A gene-based study for discriminating HCC from cirrhosis tissues was proposed by Zhang et al. (2020). Machine learning approach was applied on microarray data having 1091 HCC samples and 242 without HCC samples. Within-sample relative expression ordering (RECs) technique was implemented to draw out numerical descriptors. Maximum redundancy minimum relevance (mRMR) feature extraction was implemented to obtain significant gene pairs. Classification of gene pairs was obtained using Support Vector Machine classifier. Their proposed model obtained eleven most significant gene pairs with excellent classification result. These investigated gene pairs can be expressed as signature for HCC. The obtained signature gene pairs were:—TRMT112-SF3B1; MFSD5-COLEC10; FDXR-APC2; LAMC1-CHST4; UBE4B-HGF; NCAPH2-APC2; HSPH1-MTHFD2; TMEM38B-AGO3; PLGRKT-COLEC10; HNF1A-APC2; ARPC2-SF3B1. Their model had significant advantage that it can discriminate HCC and non-HCC samples for minimum biopsy specimens and even for inaccurately samples specimens.

In the present work, novel hybrid models using, LASSO Regression, Ridge Regression, Genetic Algorithm optimization and Random Forest with three machine learning classifiers are proposed for HCC prediction. The proposed method consists of data pre-processing, feature selection/optimization and classification. The main contributions of this paper are:

  • For performance evaluation, LASSO Regression, Ridge Regression, Genetic Algorithm optimization and Random Forest based feature evaluators with machine learning classifiers are presented.

  • Excellent performance results in terms of accuracy, recall, F-1 score, Jaccard score and AUROC.
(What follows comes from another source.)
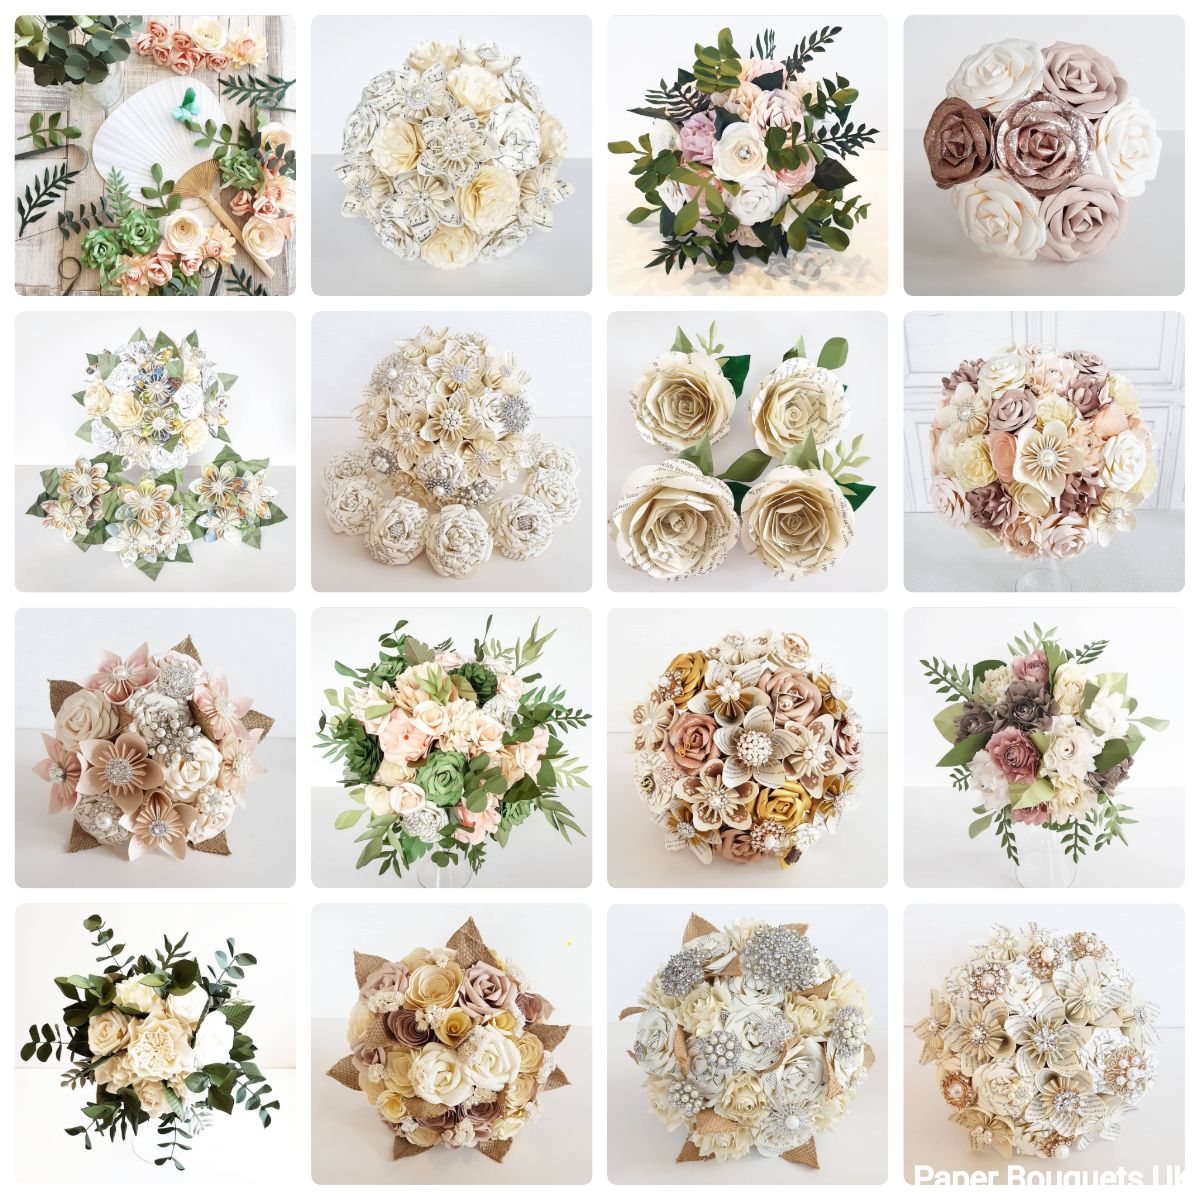 Paper Bouquets UK-Image-103

  • The proposed methodology is compared with existing methodology and proposed methodology shows improved performance existing methods.
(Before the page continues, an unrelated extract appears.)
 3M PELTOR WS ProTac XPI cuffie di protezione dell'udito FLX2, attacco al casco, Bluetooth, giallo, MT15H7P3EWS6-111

2 Material and proposed methodology

The proposed methodology is shown in Fig. 2. In first step, HCC liver cancer survival dataset, available at UCI data repository (UCI 2020), was selected for analysis. The data was collected at University Hospital in Portugal (Santos et al. 2015). The dataset contains 49 feature values obtained from 165 patients diagnosed with HCC. Step 2 performs the data pre-processing of HCC survival dataset. Step 3 performs feature weight assignment for assessing the feature importance. Step 4 performs the model implementation with significant features. Step 5 measures the performance of proposed model in terms of Accuracy, Recall, F1 Score, Log-Loss Score, Jaccard Score and AUROC.

Fig. 2
figure 2

Proposed methodology

2.1 Dataset

The dataset encompasses analysis of demographic, risk factor, laboratory and overall survival features from 165 patients diagnosed with HCC. The dataset covers 49 features for prediction of survival of HCC patients. The dataset consists of clinical attributes that are considered to be notable for clinical decision process. The clinical attributes considered for analysis are: Gender, Symptoms, Alcohol, HBsAg (Hepatitis B Surface Antigen), HBeAg (Hepatitis B e-Antigen), HBcAb (Hepatitis B Core Antibody), HCVAb (Hepatitis C Virus Antibody), Cirrhosis, Endemic Countries, Smoking, Diabetes, Obesity, Hemochromatosis, Arterial Hypertension, Chronic Renal Insufficiency, Human Immunodeficiency Virus, Non Alcoholic Steatohepatitis, Esophageal Varices, Splenomegaly, Portal Hypertension, Portal Vein Thrombosis, Liver Metastasis, Radiological Hallmark, Age at diagnosis, Grams of Alcohol per day, Packs of cigarettes per year, Performance Status, Encefalopathy degree, Ascites degree, International Normalised Ratio, Alpha-Fetoprotein (ng/mL), Haemoglobin (g/dL), Mean Corpuscular Volume (fl), Leukocytes(G/L), Platelets (G/L), Albumin (mg/dL), Total Bilirubin(mg/dL), Alanine transaminase (U/L), Aspartate transaminase (U/L), Gamma glutamyl transferase (U/L), Alkaline phosphatase (U/L), Total Proteins (g/dL), Creatinine (mg/dL), Number of Nodules, Major dimension of nodule (cm), Direct Bilirubin (mg/dL), Iron (mcg/dL), Oxygen Saturation, Ferritin(ng/mL). The target variable is encoded with value of 0 (patient did not survive) and 1 (patient survived). The description of qualitative input variables and quantitative input variables are presented in Tables 1 and 2 respectively.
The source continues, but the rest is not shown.